The effectiveness of this approach depends heavily on the maturity of the organization as well as the individual teams. More effective teams might be allowed less oversight, while less effective or mature teams might be only allowed a short leash. The people involved also need to understand the importance of fixing security defects and formally allocate time in their sprints for it. For example, teams should be dissuaded from flagging every finding as a ‘false positive’ so the findings disappear from the dashboard. A culture that encourages flagging security issues and increasing visibility should be promoted. They can then be adequately addressed, not hidden or brushed under the carpet to meet delivery timeframes.

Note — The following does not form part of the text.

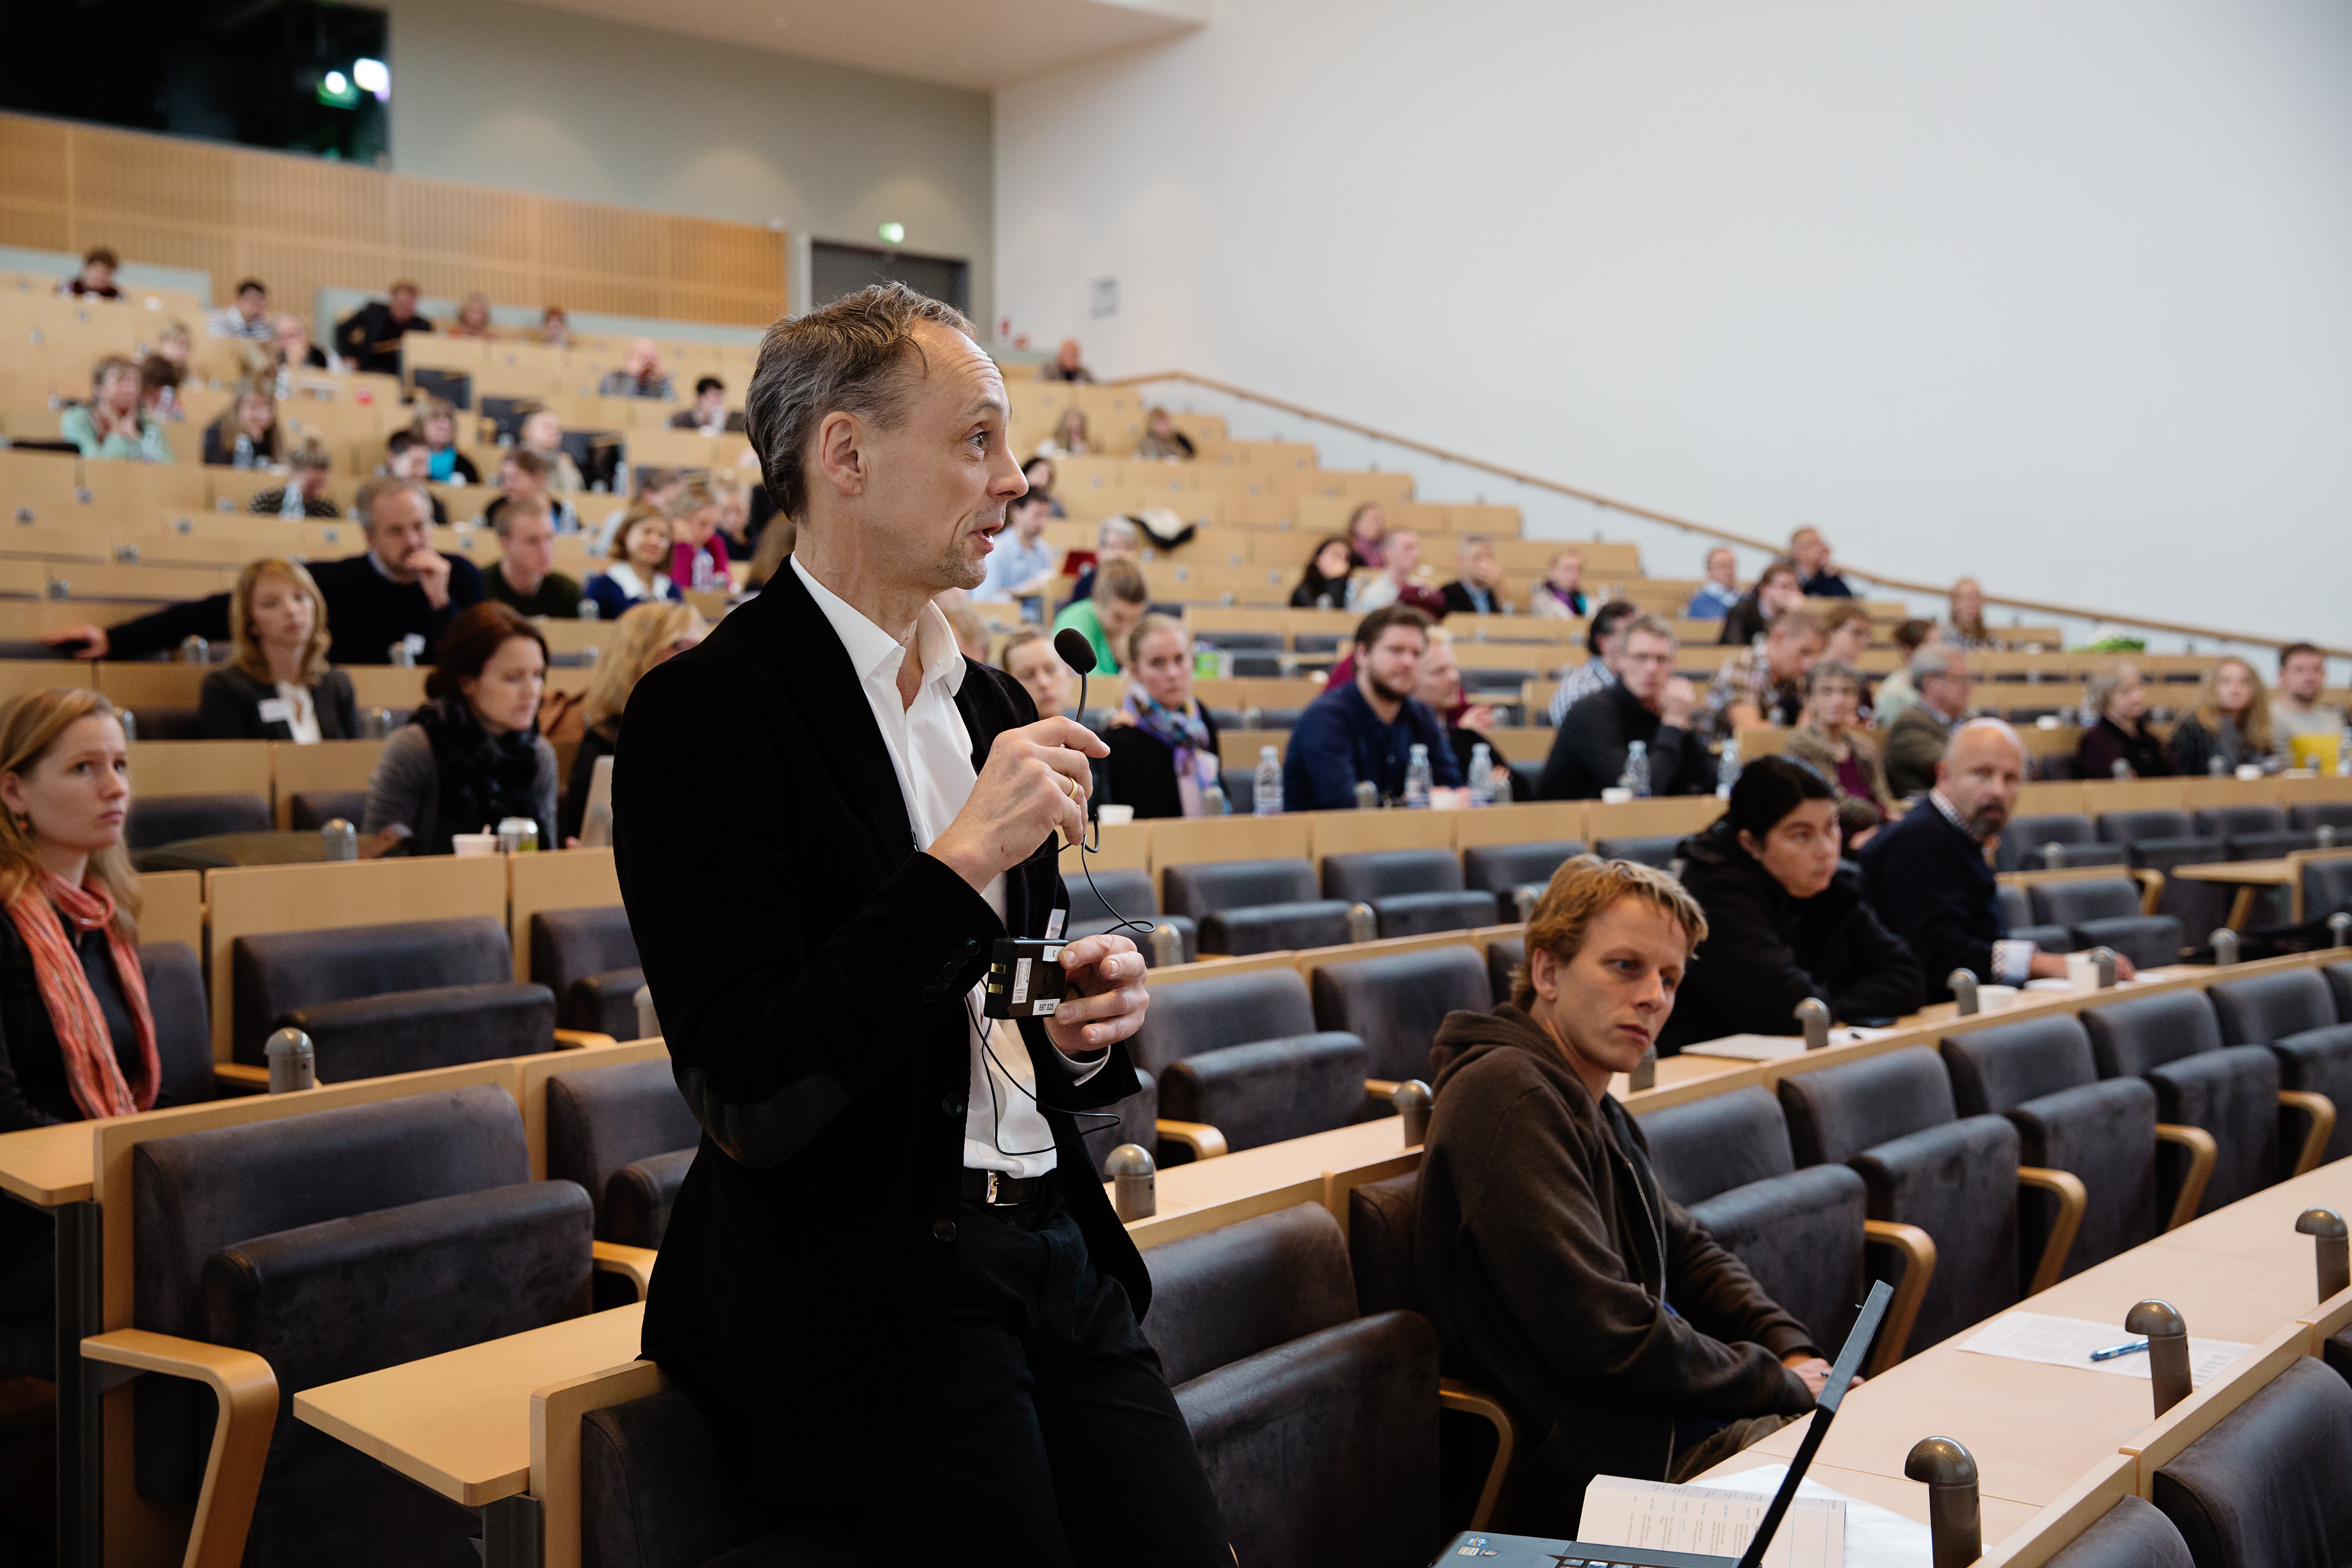 Deltagerne i prissymposiet deltog aktivt i debatten om makrofagers betydning for betændelsessygdomme. Foto: Martin Gravgaard Fotografi.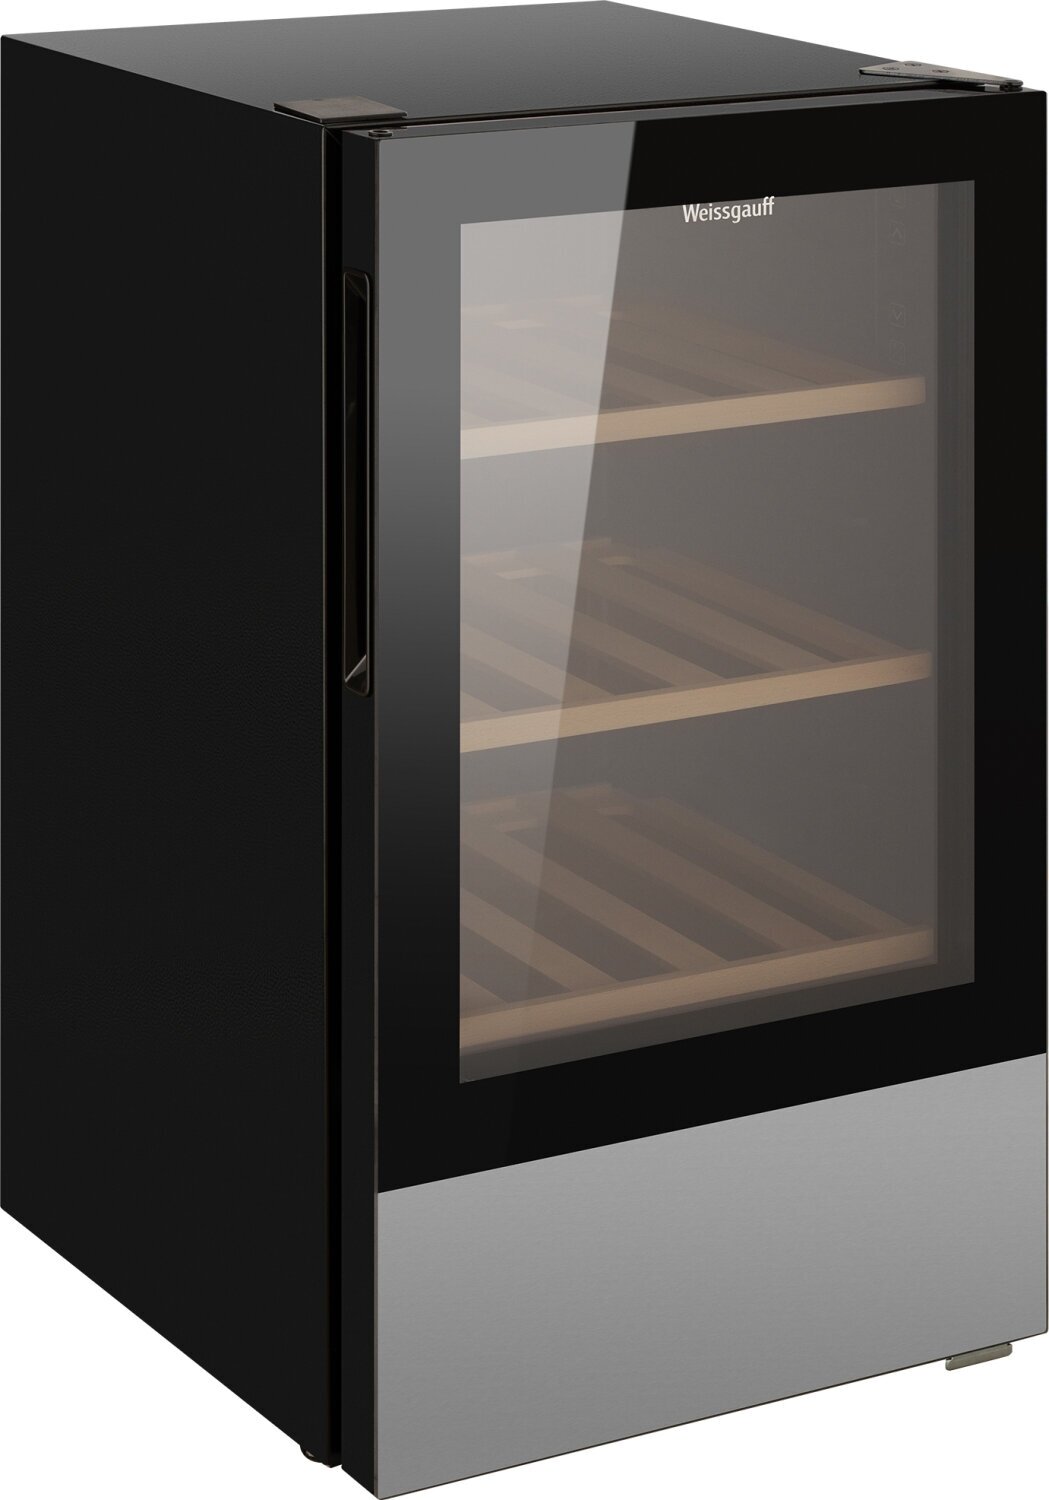 Винный холодильник Weissgauff WWC-30 Bottle 3 года гарантии, вместимость 30 бутылок, перенавешиваемая дверь, диапазон температур 5-20°С

This means making the security tools as user-friendly for developers as possible. Rolling out an automated assurance process will require strong change management and constant consultation with the development teams to ensure they get exactly what they want. If you’re not simultaneously making their lives easier and their software more secure, they won’t want to use your tools or follow your process. And if they don’t use what you put in place, they will start finding workarounds to bypass the official process. Even attempting CNAPP might be a waste of time in this type of corporate culture.

The Benefits

Providing the security team are comfortable that these automated checks are producing secure designs, this approach should greatly reduce the manual effort required of security assurance/design assessment team. This should meet our goals of decreasing the time per change, as well as the cost per change to the business. Over time, this solution should remove a pain point and eventually save the business money. This approach also moves away from a point-in-time assessment to a continuous assurance model. The existing assurance team can then shift their focus from checking everybody else’s homework to higher value tasks such as:

Fine-tuning the security policies as new cloud services are consumed.
Proactive risk management – following up on existing risks/exceptions/vulnerabilities that haven’t been addressed.
Pen testing / Red teaming existing solutions that are already in production, rather than incremental changes
Handling edge cases and exceptions
Coming up with new approved integration patterns.

Automating the assurance process will also standardise assessments because solutions either comply with the policies or they don’t. Manual reviews give different outcomes depending on the skillset and background of the reviewer and this can be eliminated using automation.

This will take quite a bit of a mind shift for some. The security team will need to stop thinking of themselves as the security police and instead start thinking of themselves as legislators writing the laws. We’ve had security view themselves as the company policeman for quite some time now, and that approach no longer works at the pace the business wants to move. Automation is the name of the game, and enforcement is now Robocop’s (CNAPP) responsibility.

So, to summarise, “all” you need to do is use the design principles of zero trust and overlapping controls (defence in depth) to define patterns that everybody agrees are secure, then use software, automation, and processes to enforce those constraints on solution designs. Yes, I know, it sounds so simple! I realise it’s quite a bit of effort to implement, but over time I reckon the payoff is worth it.

And if you don’t fully trust automation just yet, an alternate approach that perhaps would make CISO’s more comfortable is using automation to augment the existing manual process. This wouldn’t meet the cost requirements, but would significantly increase the security posture of the organisation over time – which can only be a good thing!